= Wilhelmina Woyka =

British temperance activist (fl. 1849 – 1890)

Wilhelmina Woyka (née Elvin, fl. 1849 – 1890) was a British temperance activist.

She was born Wilhemina Johanna Henrietta Elvin, the daughter of Dr John Elvin, who was sent as a medical missionary to the Jews of Hamburg by the Scottish Free Church. In 1849 she became engaged to Johann Woyka, a Hungarian Baptist missionary who had fled to Hamburg during the Hungarian Revolution. They were married in 1850 and returned to Scotland that year with Wilhelmina’s parents. In Glasgow, Johann (anglicised to John) became a Baptist minister and timber exporter, and Wilhelmina became active in the Glaswegian temperance community.

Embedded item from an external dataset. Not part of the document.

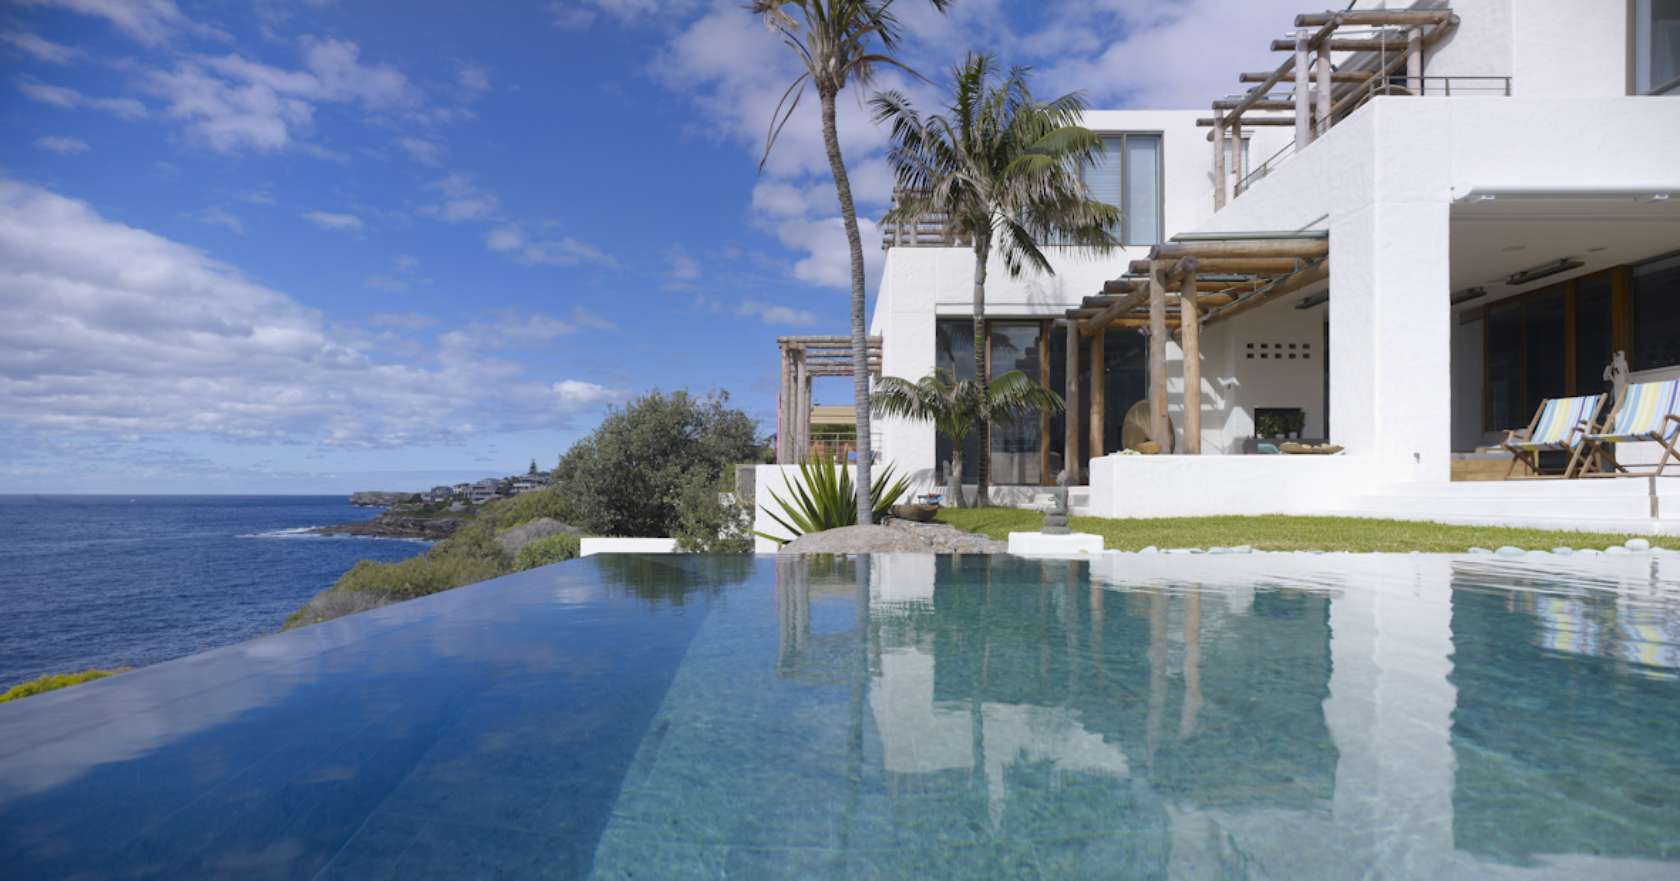 Casa em estilo santa Fé com piscina de borda infinita na costa
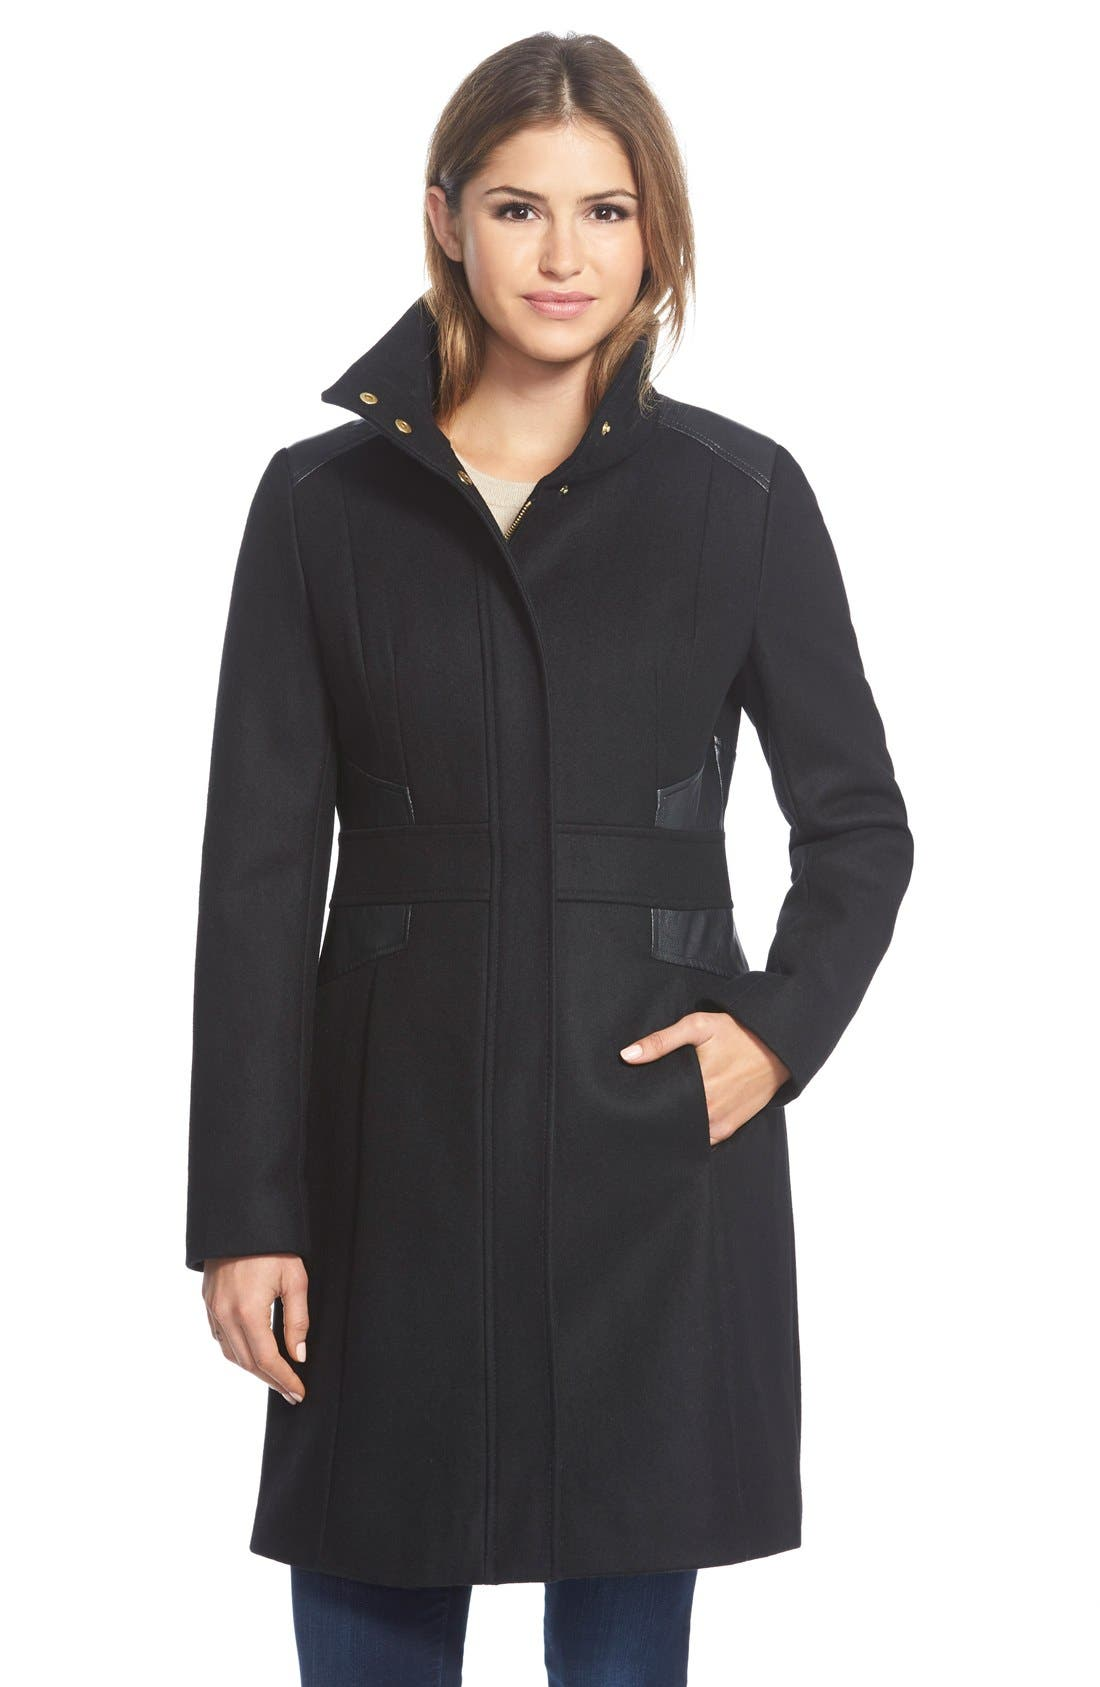 Alternate Image 1 Selected - Via Spiga Wool Blend Coat with Faux Leather Trim (Regular & Petite)

About 1874, Wilhelmina was one of the founding members of the Ladies’ Temperance Prayer Union, later the Glasgow Prayer Union. They established the Whitevale Mission Shelter, an inebriate house for the education of women struggling with alcohol abuse. Wilhelmina would walk the streets of Glasgow at midnight in search of inebriated women, or invite women prisoners to the house on a 'Free Breakfast' scheme on the day of their release from prison. She was still active in 1890, where she spoke on the subject of temperance in over a dozen cities.